Peperone di Zero Branco

Nel territorio di Zero Branco, comune della provincia di Treviso, così come nel comune limitrofo di Scorzè, in provincia di Venezia, e un po’ in tutto l’areale fresco e ricco d’acque delle risorgive, il peperone si coltiva da tempi lontani.

La varietà originaria, coltivata in questa zona, è “Quadrato d’Asti”, che tuttavia ha subito, nel corso del tempo, delle modifiche migliorative, dovute ad attente selezioni e meditati incroci, ottenendo le tipologie attualmente coltivate, in particolare il “pathos giallo”, che in questa zona si esprime a livelli qualitativi molto alti.

La coltivazione del peperone non è difficile: tra la fine di marzo e i primi di aprile si mettono a dimora sotto tunnel freddo, manualmente o con macchine adatte. Il terreno deve essere lavorato a media profondità e arricchito da concimi organici. Le piante hanno bisogno di una certa quantità d’acqua, per cui vengono irrigate preferibilmente a goccia; come hanno bisogno di non essere disturbate da piante infestanti, per cui vanno tenute libere dalle stesse, mediante sarchiature e zappature manuali.

A circa 80-90 giorni dal trapianto, i peperoni cominciano a maturare e vengono raccolti a mano assieme al loro picciolo. La qualità del frutto raccolto dipende dalla sua consistenza, dallo spessore della polpa, dal colore che deve essere giallo brillante, dalla forma regolare, dalla pezzatura e dal gusto che non deve risultare piccante ed a Zero Branco queste caratteristiche si esprimono tutte ad alto livello con soddisfazione dei consumatori. Non va dimenticato che il peperone è una delle ricchezze dell’alimentazione nella seconda parte dell’estate e nel primo autunno, grazie alla ricchezza di Vitamina B1 e soprattutto C (150 mg di Vitamina C per 100 g di peperone); questo è in assoluto l’ortaggio più ricco di tale vitamina, se solo si pensa che le arance ne hanno “solo” 50 mg per 100 g di prodotto.

Grazie a queste caratteristiche, il peperone di Zero Branco è un ottimo antiossidanti naturale, quindi combatte i radicali liberi, responsabili delle alterazioni cellulari che sono causa anche del loro invecchiamento, ma soprattutto dei tumori e delle malattie coronariche.
Un tempo i peperoni di Zero Branco rappresentavano una buona fonte di reddito integrativo, dal momento che erano molto conosciuti, apprezzati e presenti sui mercati di Padova e di Milano ed anche in Germania.
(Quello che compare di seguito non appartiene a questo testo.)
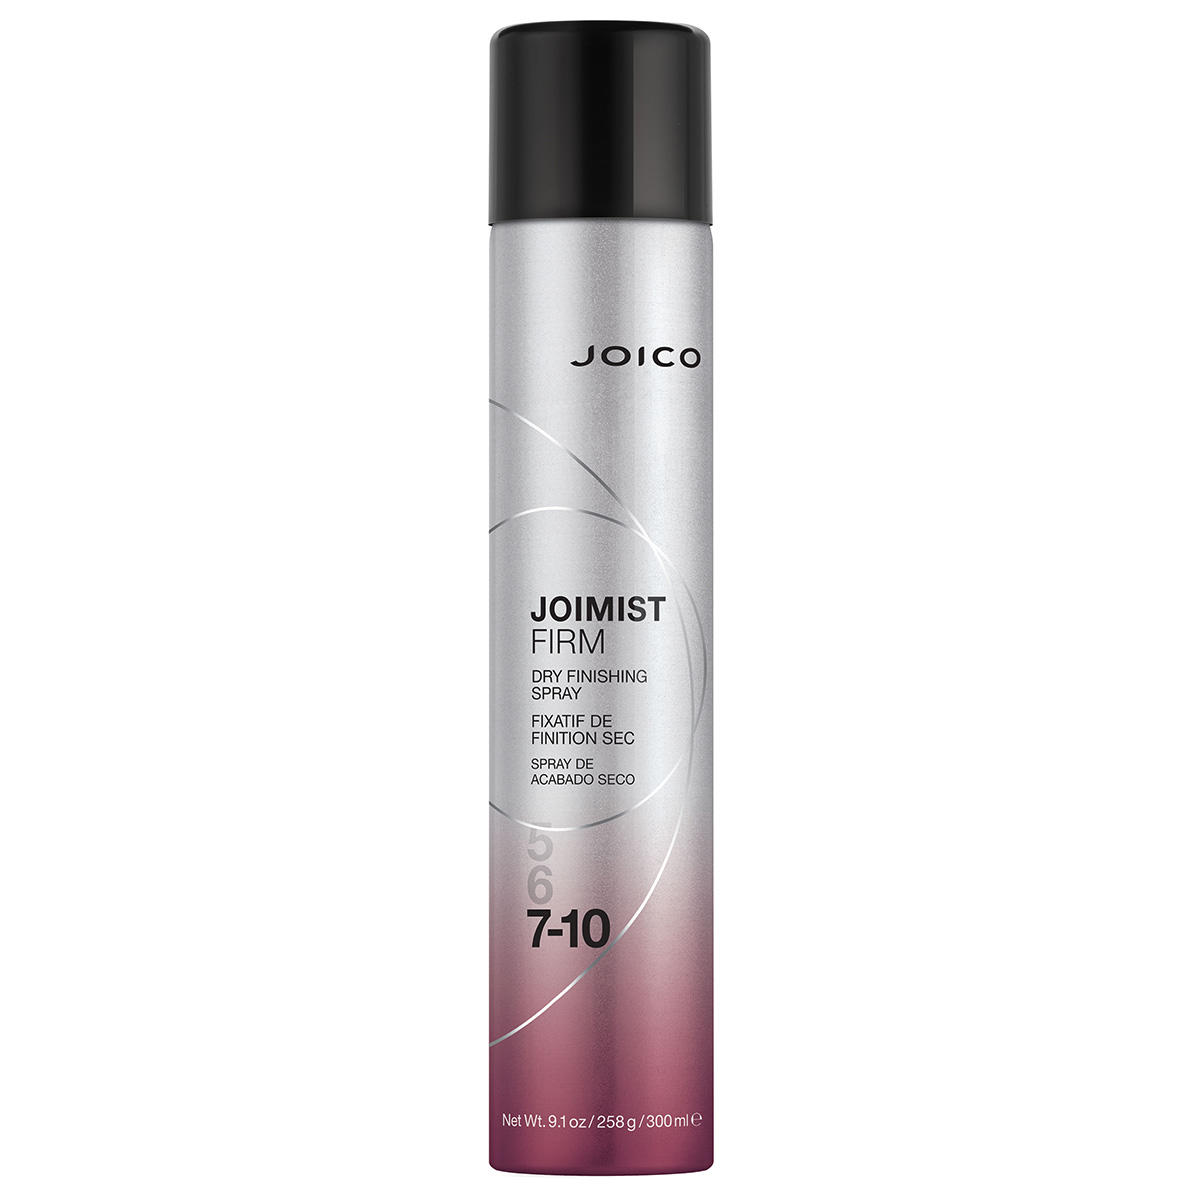 JOICO JoiMist Firm Protective Finishing Spray starker Halt 350 ml - 1
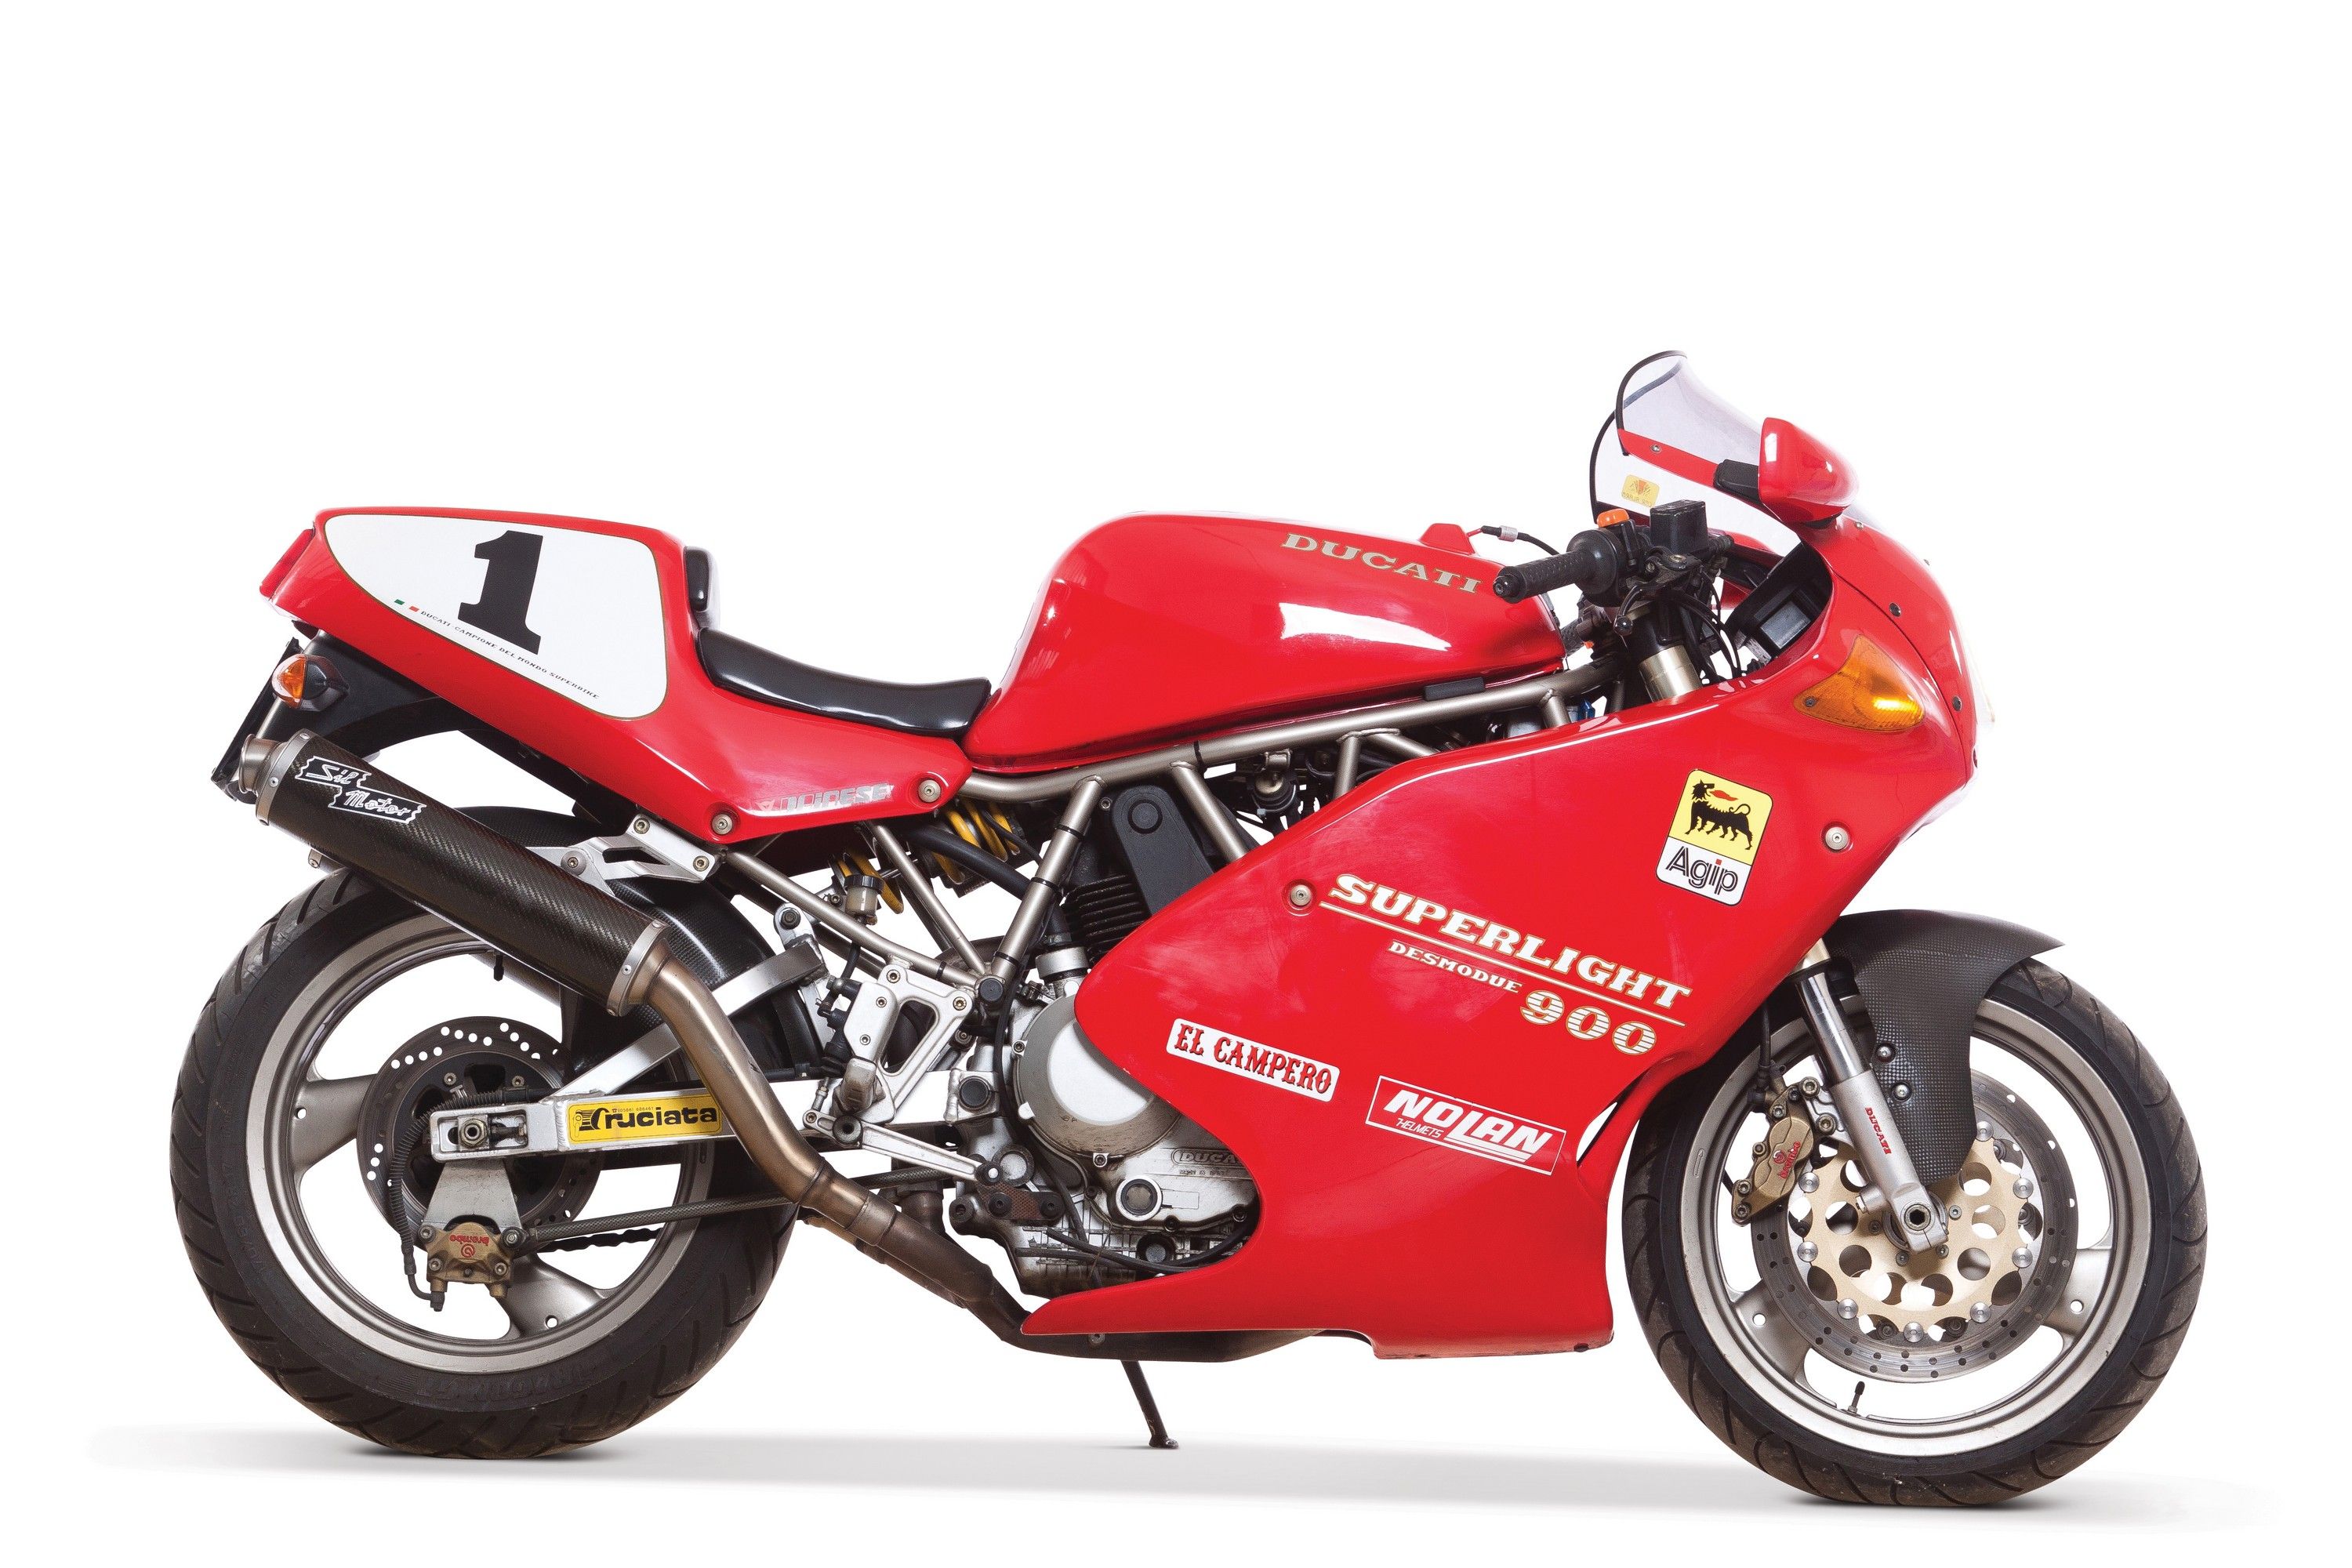 1993 Ducati 900 Superlight II

Nell’ultimo decennio del secolo scorso la produzione è andata diminuendo, tanto che ora non si arriva a una decina di ettari coltivati.

Attualmente si ha una produzione sotto tunnel che si aggira sui 350 q ettaro, mentre quella a campo aperto dà una produzione per ettaro attorno ai 250 quintali. Lo sviluppo di alcune cooperative tra produttori pare stia incrementando la produzione, anche perché la richiesta dell’ottimo peperone di Zero Branco non è mai venuta meno, proprio per le particolari ed elevate qualità di questo ortaggio che si è rivelato assai utile per la salute oltre a prestarsi a preparazioni gastronomiche di grande bontà e interesse.